Tosender Applaus brach los. Hunderte Schüler sprangen von ihren Stühlen, Jubelschreie erklangen, ein Blitzlichtgewitter brach los. Samantha schüttelte hastig die dargebotenen Hände der Schulleiter und Funktionäre, der Vertrauenslehrer und Coaches, bevor sie vom Podium mitten in die Masse überschwänglicher Schüler hineinhüpfte. Gefangen im Chaos der aufgeregten Schüler konnte sie kaum etwas sehen, doch plötzlich griff eine warme Hand nach ihrer und zog sie ein kleines Stück durch die Menge, bis sie schließlich in der festen Umarmung ihrer besten Freundin steckte.

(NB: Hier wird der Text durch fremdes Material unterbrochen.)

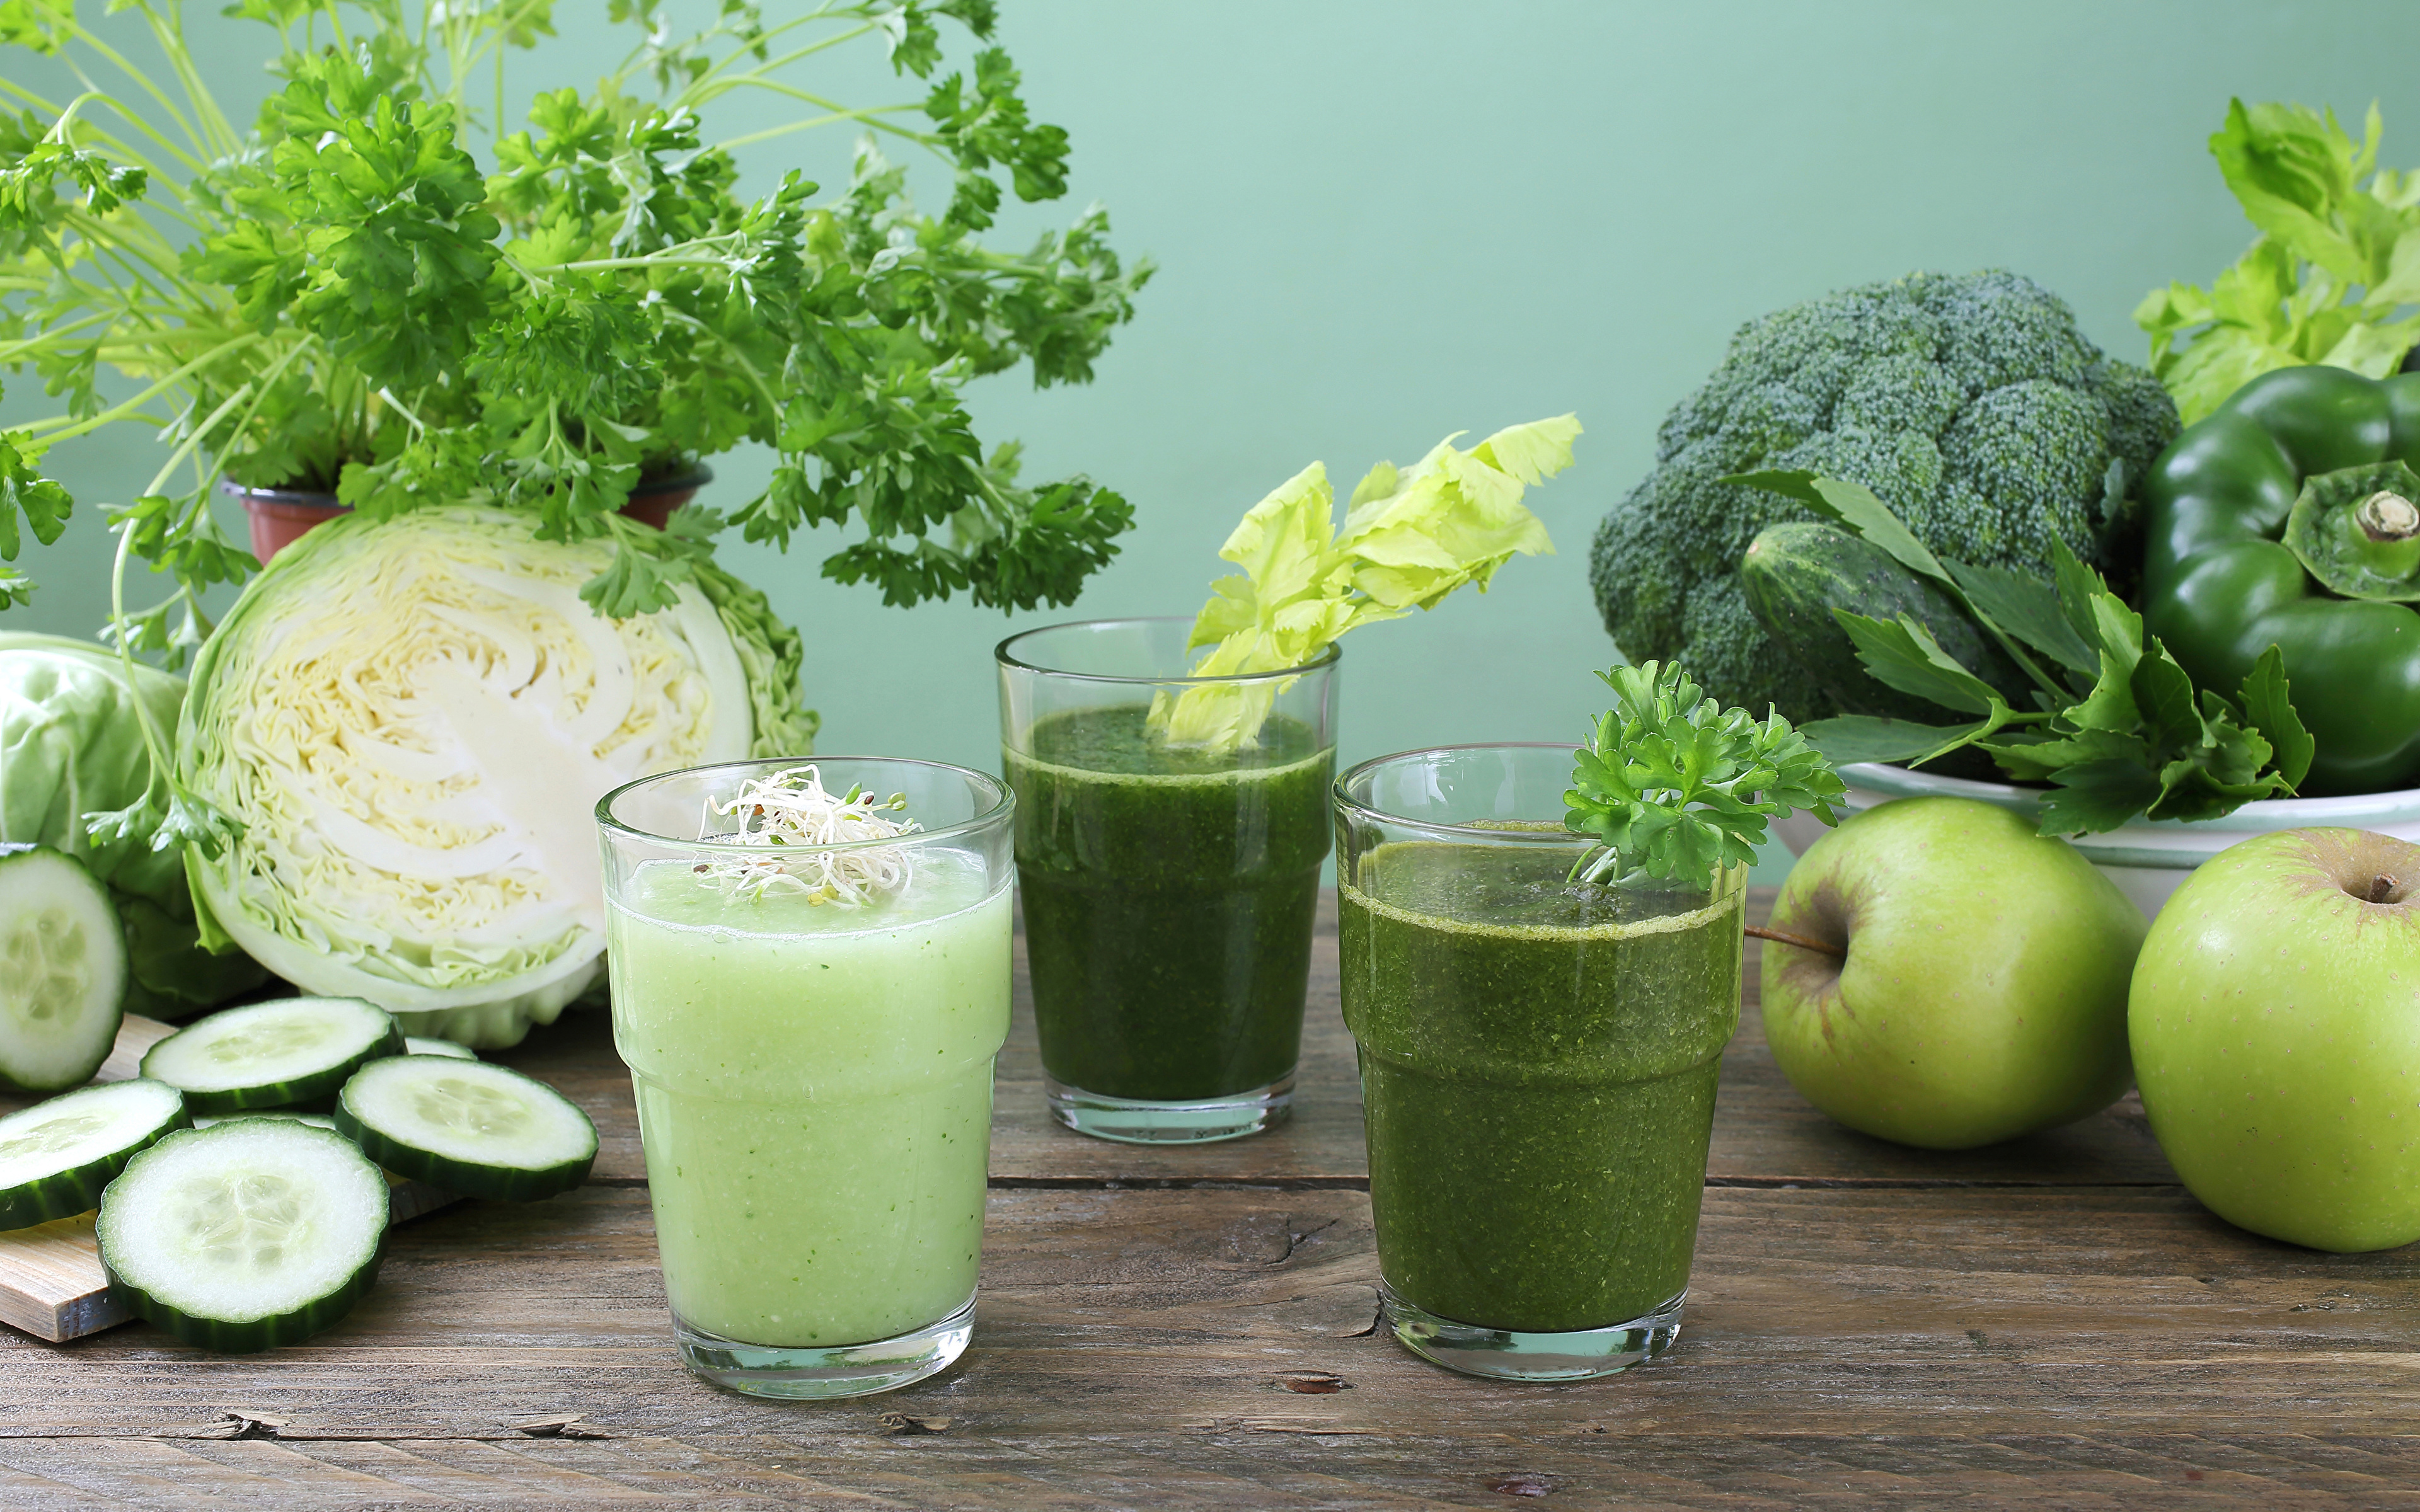 Диета Очищающая Витамины. 3 очищающие диеты для похудения и оздоровления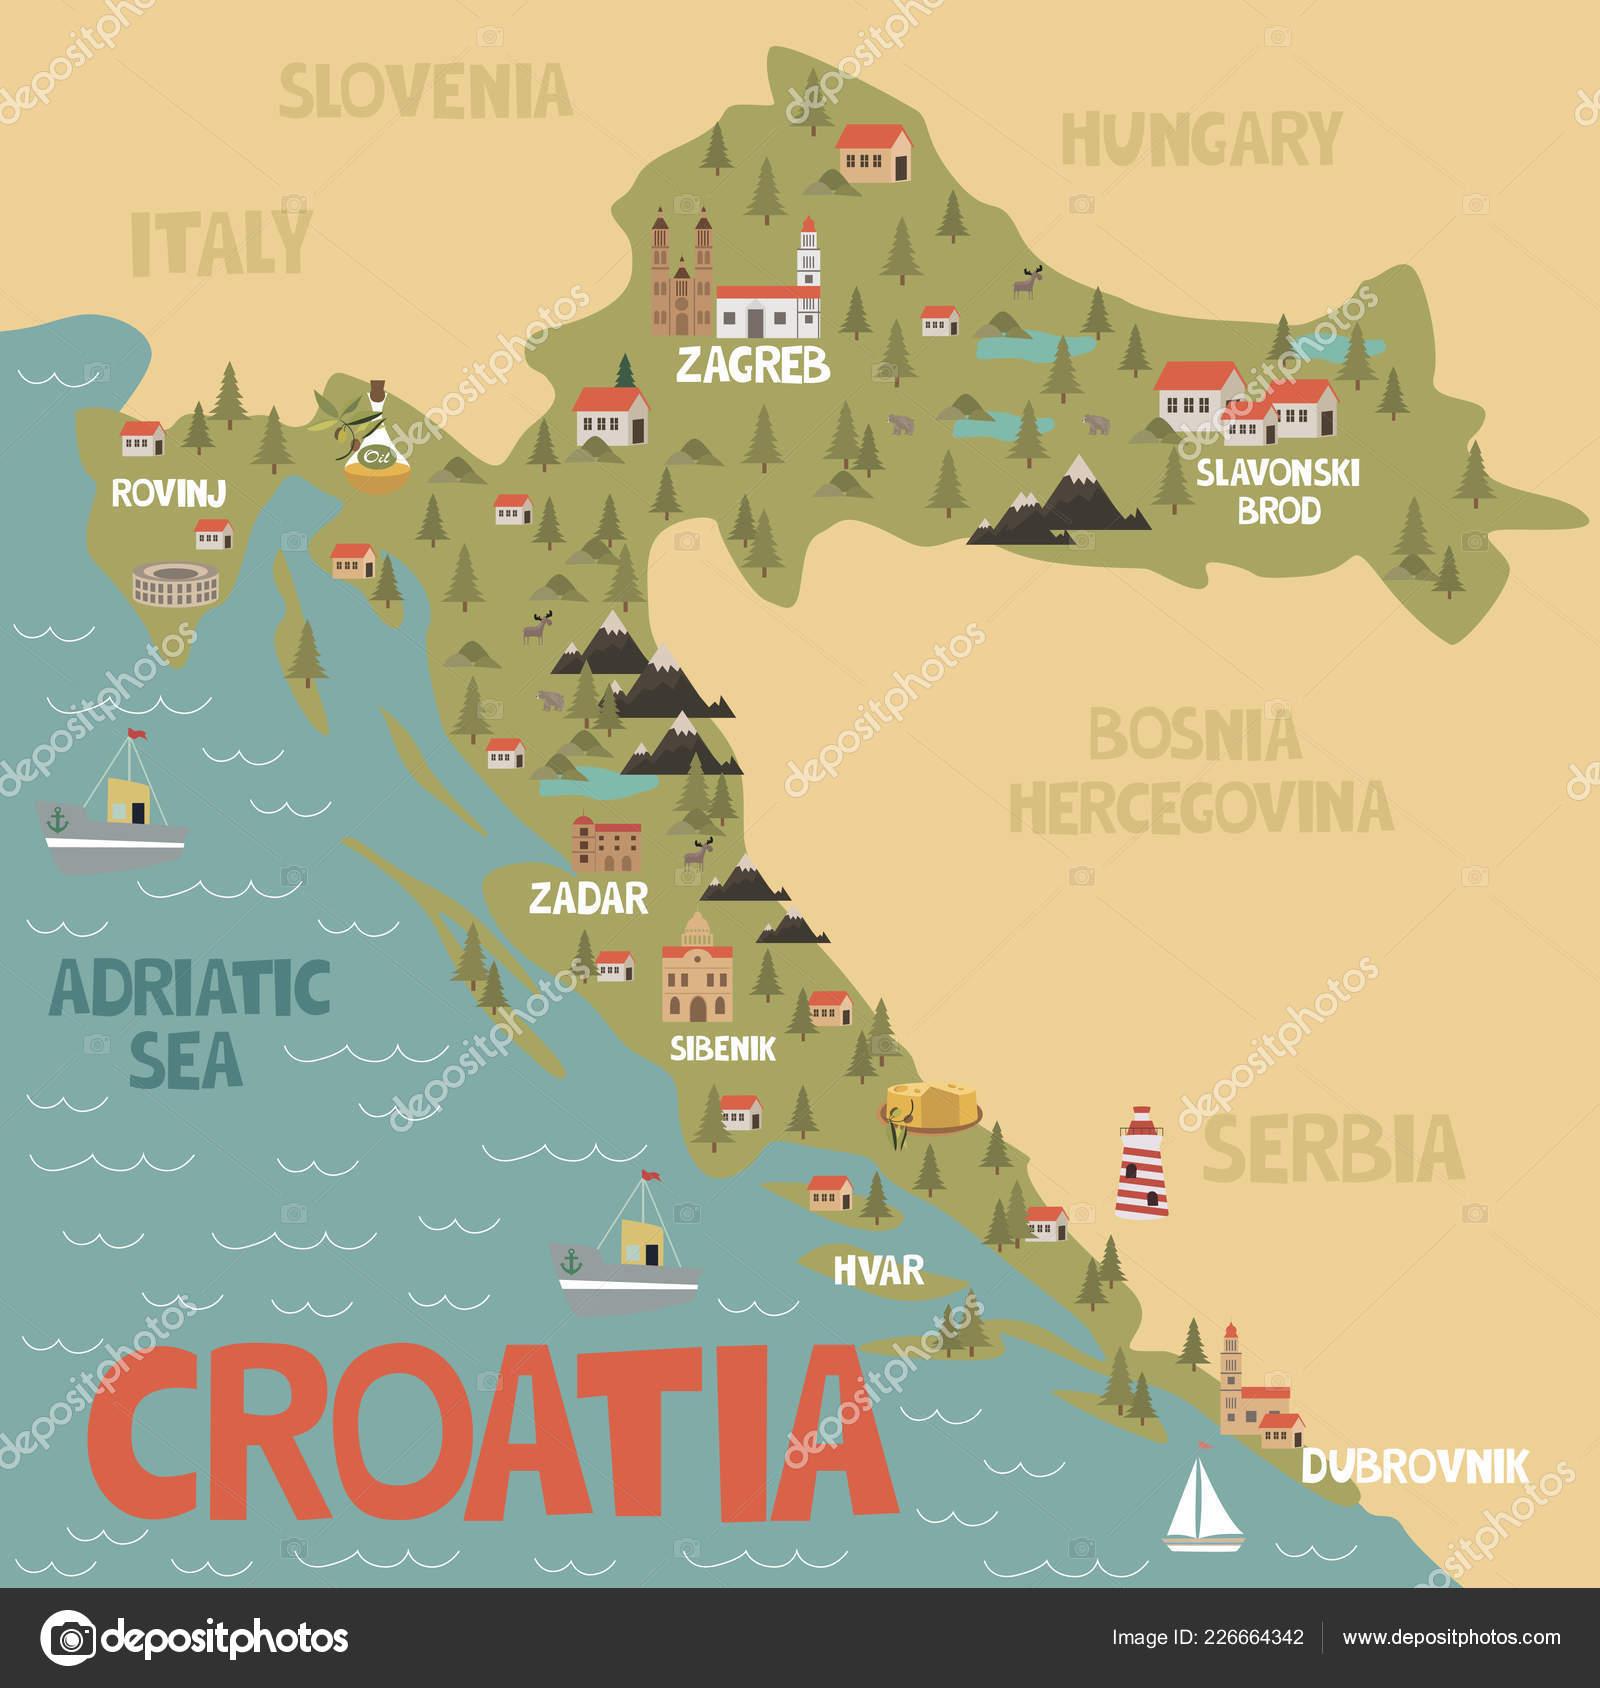 Carte Croatie Telecharger.Carte Illustration Croatie Avec Ville Monuments Nature

Dann ging alles ganz schnell. Schulleiter Johnson trat noch einmal ans Podium, rückte das Mikrophon zurecht und verkündete: »Herzlichen Glückwunsch der Abschlussklasse von 2010! Ihr habt es geschafft!«

Freudentränen und lautes Gelächter erfüllten die Luft, die Jubelschreie wurden immer lauter. Dann segelten die dunkelgrünen Graduation-Caps von mehr als dreihundert Absolventen gleichzeitig durch die Luft und es schien, als würde für einen kurzen Moment die Welt stillstehen.

Samantha hob den Kopf Richtung Decke. Wie in Zeitlupe flogen die grünen Hüte mit den goldenen Quasten aufwärts, schienen dort oben beinahe für einen Moment zu verharren, bis sie zurück gen Boden taumelten. Sie schloss die Augen und sog den Moment in sich auf. Freude, Erleichterung und ein unbestimmtes Gefühl von Freiheit verwoben sich zu einem Strudel positiver Emotionen, die ihr beinahe das Gefühl gaben, als könne sie schweben; einfach die Füße vom Boden heben und davonsegeln durch die Luft, über die Berge, irgendwohin, wo es keine Sorgen und Probleme gab. Für wenige Sekunden fühlte Samantha sich, als würde ihr die ganze Welt mit all ihren strahlendsten Facetten ganz allein gehören.

Umso unerwarteter kam der plötzlich Stich des Misstrauens in ihrem Herzen. Sie hatte keine Ahnung, woher er plötzlich kam, aber er war da und sie konnte ihn nicht ignorieren. Im nächsten Moment schüttelte sie das unbestimmte Gefühle ab und musste über sich selbst schmunzeln. Heute war ein guter Tag, vielleicht der beste überhaupt, und sie würde ihn – verdammt noch mal – in vollen Zügen genießen. Sie war jetzt frei und unbeschwert, da bliebt keine Zeit für trübselige Gedanken.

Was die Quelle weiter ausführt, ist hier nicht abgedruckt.